Behind both packages is the notion that it should be easy to do split-apply-combine operations on your data. These operations are where you group your observations by some categorical variable, do the some operation on each subset, and then recombine results.  The plyr package was already really good at this.

From my perspective, the 2 most important improvements in dplyr are
  1. a MASSIVE increase in speed, making dplyr useful on big data sets

    1. the ability to chain operations together in a natural order
    Here is a quick example of how you can do complicated stuff with dplyr. Example data are from the PanTHERIA1 dataset of life history traits across mammals.

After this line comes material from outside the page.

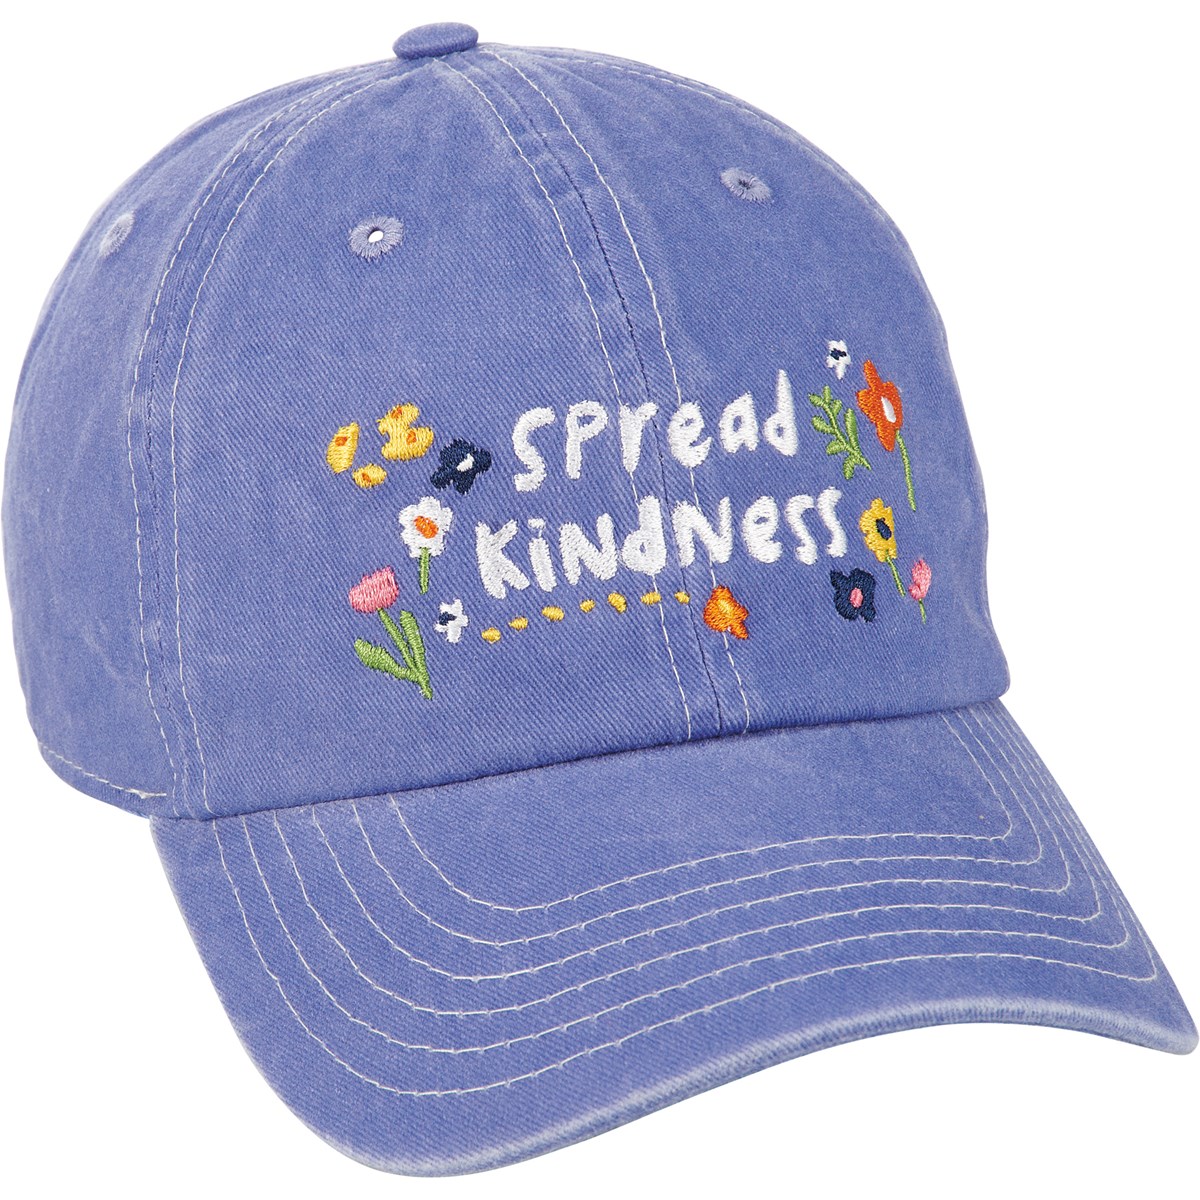 Spread Kindness Baseball Cap - Cotton, Metal

    First, we read in the data from the web.  This step takes the longest of anything we will do, because we are reading a 2.5 MB text file into memory over http. It is a huge dataset with 5416 observations of  55 variables

    Edit: make sure you are using the most recent version of dplyr (0.1.1), or else you may have issues with your R session crashing.

    require(dplyr)
    URL <- "http://esapubs.org/archive/ecol/e090/184/PanTHERIA_1-0_WR05_Aug2008.txt"
    pantheria <- read.table(file=URL,header=TRUE,sep="\t",na.strings=c("-999","-999.00"))

    Next we will set up some factors with human readable levels.  Note that our variables aren't named very concisely, but we will leave them for now.

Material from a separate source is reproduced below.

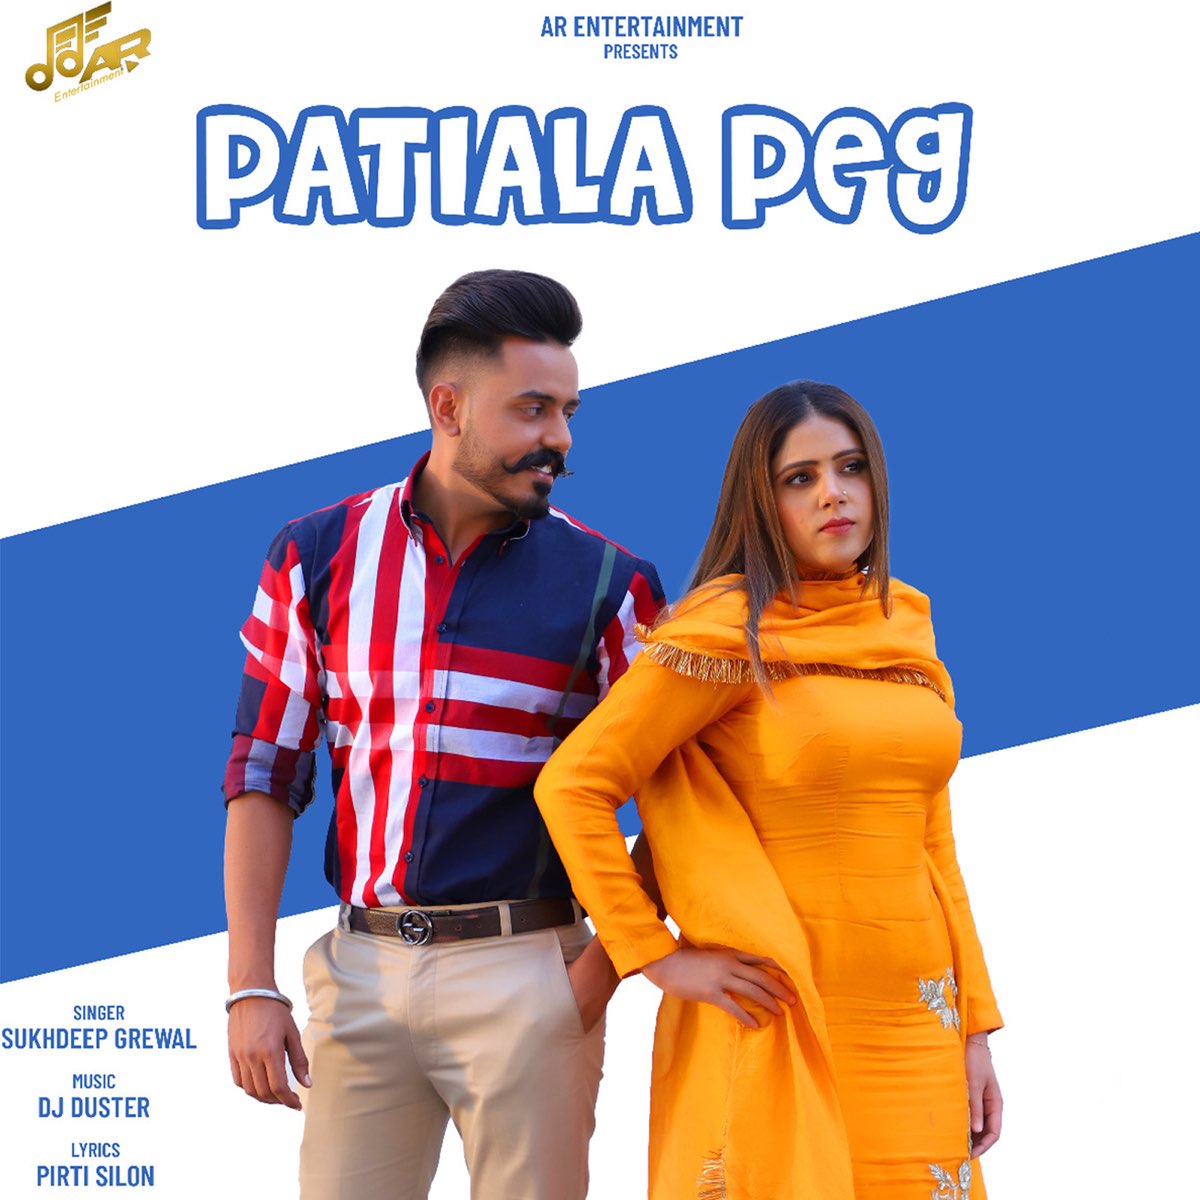 Patiala Peg - Single - Album by Sukhdeep Grewal - Apple Music

    pantheria$X1.1_ActivityCycle <-       
               factor(pantheria$X1.1_ActivityCycle)
    levels(pantheria$X1.1_ActivityCycle) <- 
               c("nocturnal","cathermeral","diurnal")

    pantheria$X6.2_TrophicLevel <-
               factor(pantheria$X6.2_TrophicLevel)
    levels(pantheria$X6.2_TrophicLevel) <- 
               c("herbivore","omnivore","carnivore")

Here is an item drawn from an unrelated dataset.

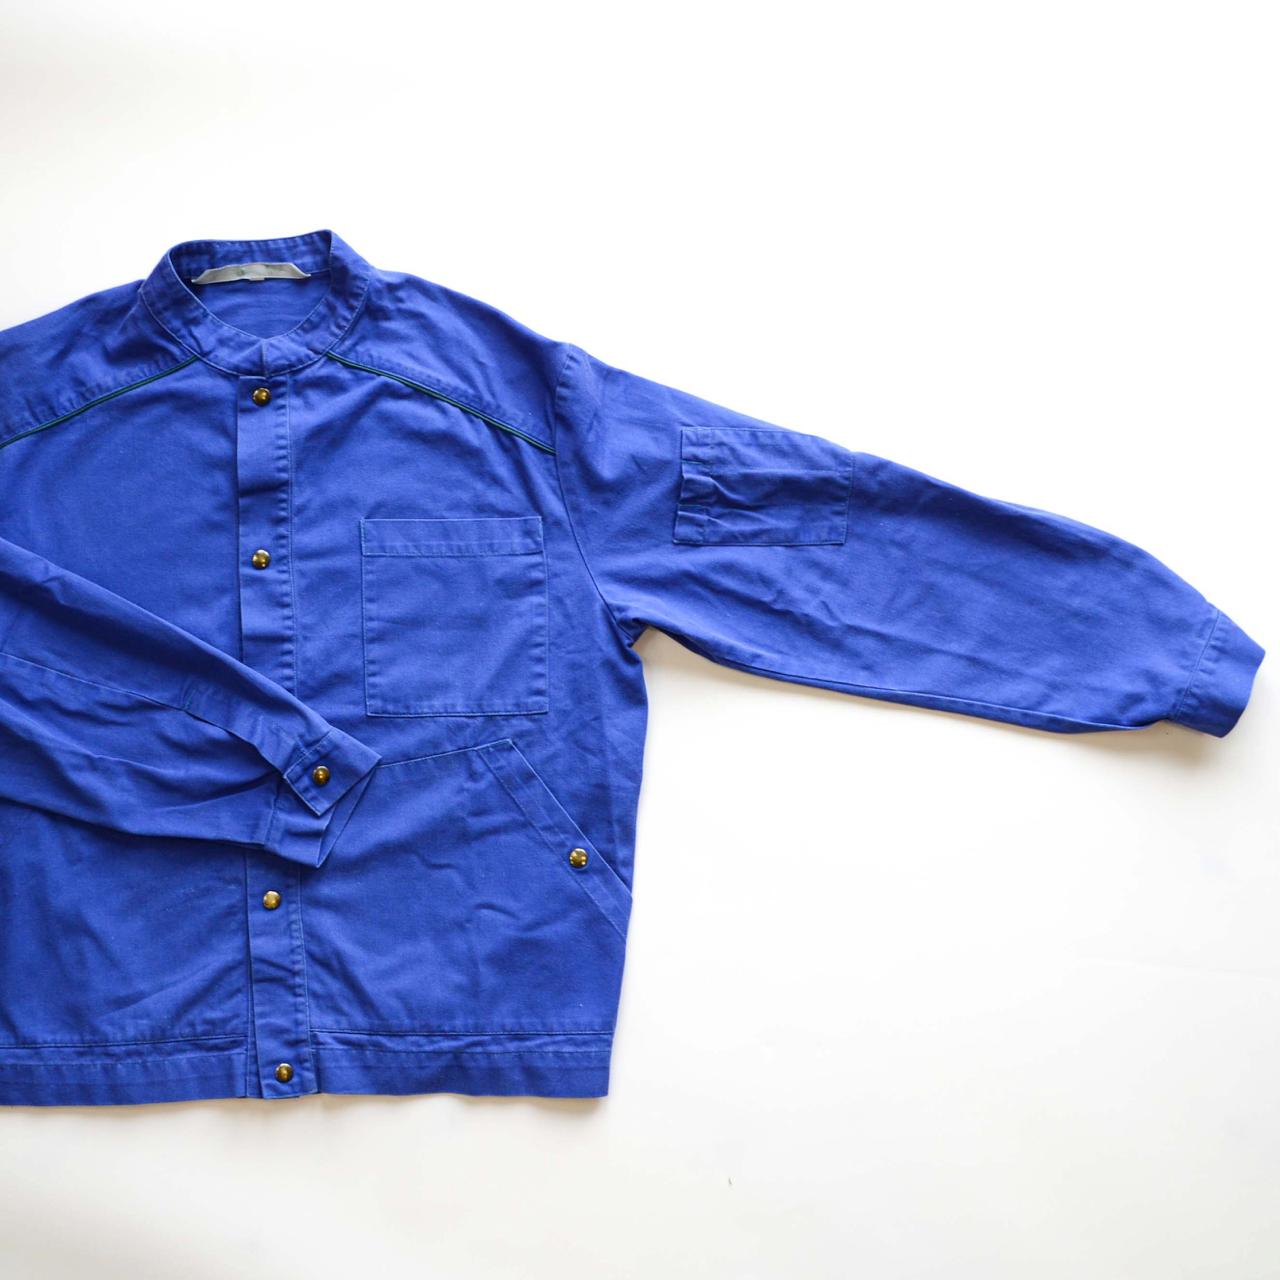 Vintage French Chore Jacket With Mandarin... - Depop

    OK.  Now we are ready to show off the magic of dplyr.  We will use the %.%. operator to chain together commands to manipulate our dataframe.  First, we use the mutate()function to create a new column called yearlyOffspring, which is a transformation of two other columns.  Then, we pass that result to the filter function, and filter out just the rodents. Next, we add a group_by() clause, and finally, we use summarise(), to calculate the average body mass for each group. Type ?manip in the command line to see the full list of dplyr manipulation functions.

    Activity_Trophic <-
    pantheria %.% 
        mutate(yearlyOffspring = X16.1_LittersPerYear 
                * X16.1_LittersPerYear) %.%
        filter(MSW05_Order == "Rodentia") %.%
        group_by(X1.1_ActivityCycle,X6.2_TrophicLevel) %.% 
        summarise(meanBM = mean(X5.1_AdultBodyMass_g,na.rm=TRUE), 
                meanYO = mean(yearlyOffspring,na.rm=TRUE))

    This code yields the following, which is exactly what we want!

    ## Source: local data frame [16 x 4] ## Groups: X1.1_ActivityCycle ## ## X1.1_ActivityCycle X6.2_TrophicLevel meanBM meanYO ## 1 nocturnal carnivore 77.89 11.125 ## 2 cathermeral carnivore 227.89 6.250 ## 3 diurnal carnivore 88.34 NaN ## 4 cathermeral omnivore 306.65 5.947 ## 5 diurnal herbivore 1088.98 9.289 ## 6 cathermeral NA 97.97 15.526 ## 7 NA carnivore 51.35 20.250 ## 8 cathermeral herbivore 2625.65 14.154 ## 9 nocturnal herbivore 1172.53 9.793 ## 10 diurnal NA 364.47 21.415 ## 11 nocturnal omnivore 542.24 9.741 ## 12 NA omnivore 392.19 5.079 ## 13 nocturnal NA 205.08 16.200 ## 14 NA herbivore 452.95 6.264 ## 15 diurnal omnivore 300.05 3.438 ## 16 NA NA 220.48 11.508

    The beauty of the %.% operator is that it allows you to do things in the order in which you think about them. You start with your data, then mutate it, then filter it, then group and summarise. You could do the same process with plyr, or with base apply-family functions, but dplyr makes it MUCH cleaner and clearer.  

    Now we can visualize this data, and observe that there is a complex relationship between body mass and reproductive output in rodents!

    require(ggplot2)
    qplot(data = Activity_Trophic, 
    x = log(meanBM), 
    y = meanYO, 
    size = I(5), 
    shape = X1.1_ActivityCycle) + 
    theme_bw(15)




    Please share your experiences with dplyr in the comments section.


    References:
    1Jones KE, Bielby J, Cardillo M, Fritz SA, O’Dell J, Orme CDL, Safi K, Sechrest W, Boakes EH,   Carbone C, et al. 2009. PanTHERIA: a species-level database of life history, ecology, and geography of extant and recently extinct mammals. Ecology 90:2648.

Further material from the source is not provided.